Please, don't assume that we've been taught this stuff because we were literally just handed a packet and told to learn it ourselves. I don't understand this in the slightest.

The question is: Use the information to evaluate and compare delta y and dy. y=2-x^4, x=2 and delta x = dy= 0.01

What I've done so far is differentiate, to get that dy=-4x^3. In the packet, it looks like they plugged 2 in for x and multiplied by dx, so I did, and I got -.32

For delta y, I set up the equation like f(2+0.01) - f(2), and I got -.3224

Are these right? Is there some way that I'm supposed to compare them using words?

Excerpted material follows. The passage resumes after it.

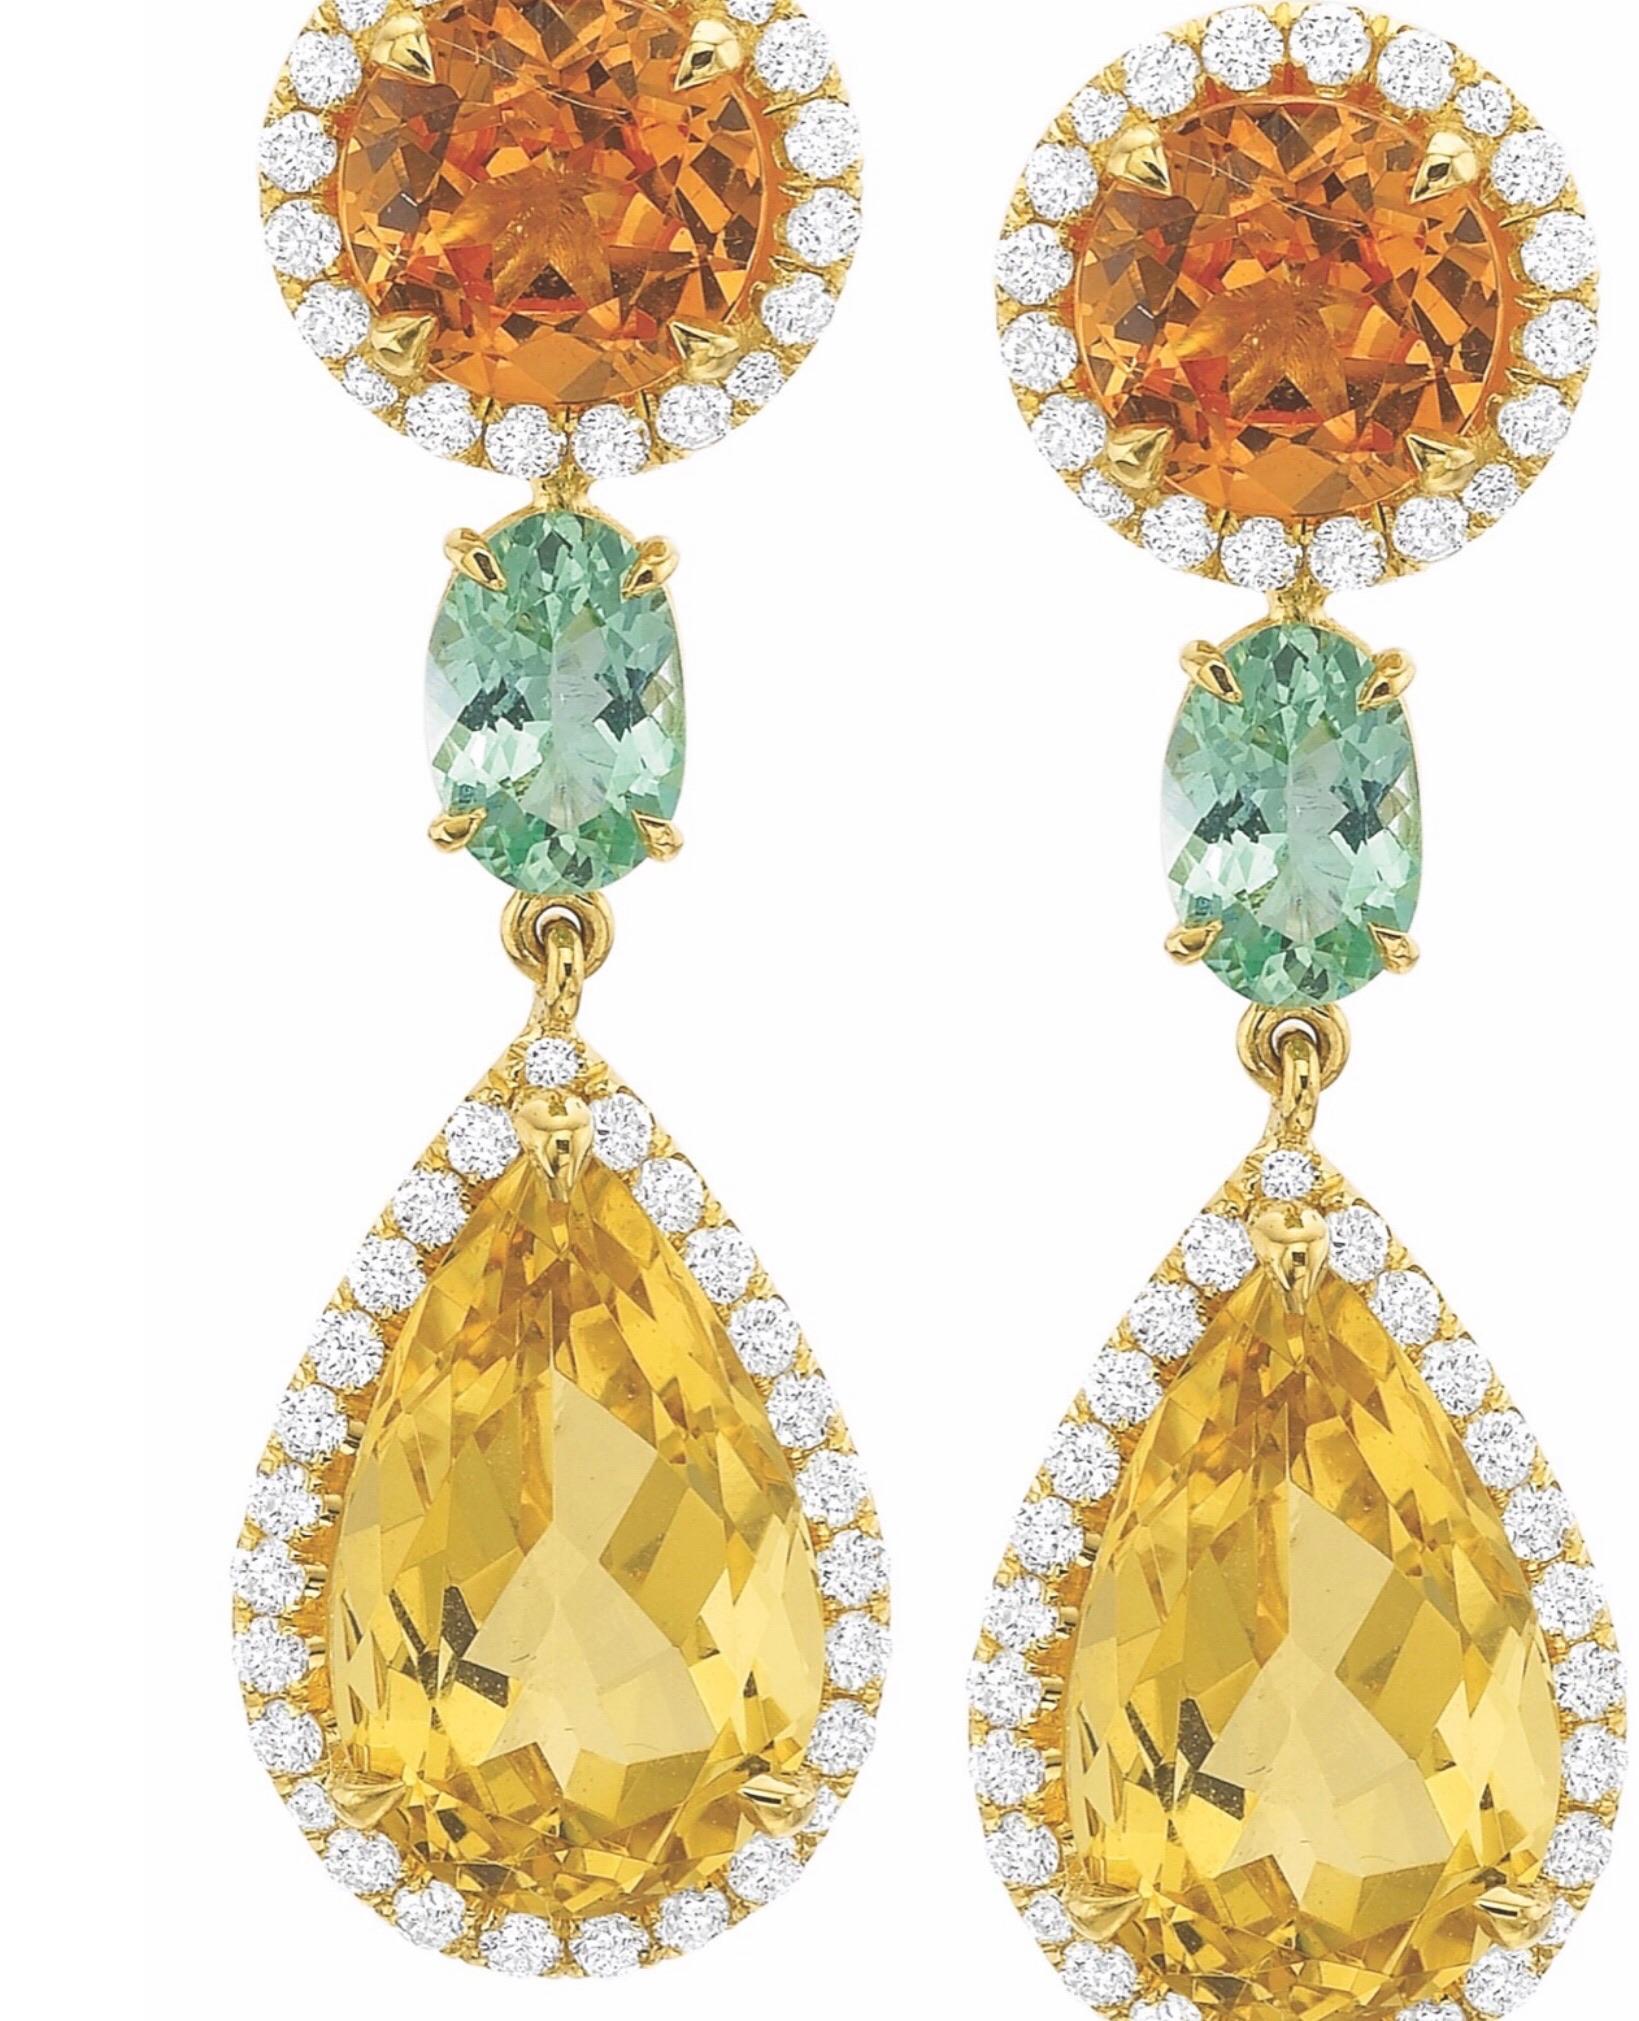 A striking color combination takes place with these Andrew Glassford custom earrings.  2.34 carats of Mandarin Garnets make up the top portion followed by .86 ctw of Green Beryl, and 5.50 ctw of pearl shaped Yellow Beryl in 18k Yellow Gold.  The

If I don't even understand what I'm doing, then how am I supposed to do so?

What I can do is to lead you to some pages that explain the difference in

dy and ∆y
I thought this youtube did a good job
http://www.youtube.com/watch?v=xoAnLgs6hiM

There are also numerous other youtube links listed in the right column

btw, I agree with your answers.

Delta y is the Actual change of y when x changes from x to x+delta x. (I capitalized Actual so that you'd see the top part of A looks like delta - a way to remember what delta y is.) dy is the estimated change in y when x changes from x to x+delta x when you use the tangent line at x to estimate.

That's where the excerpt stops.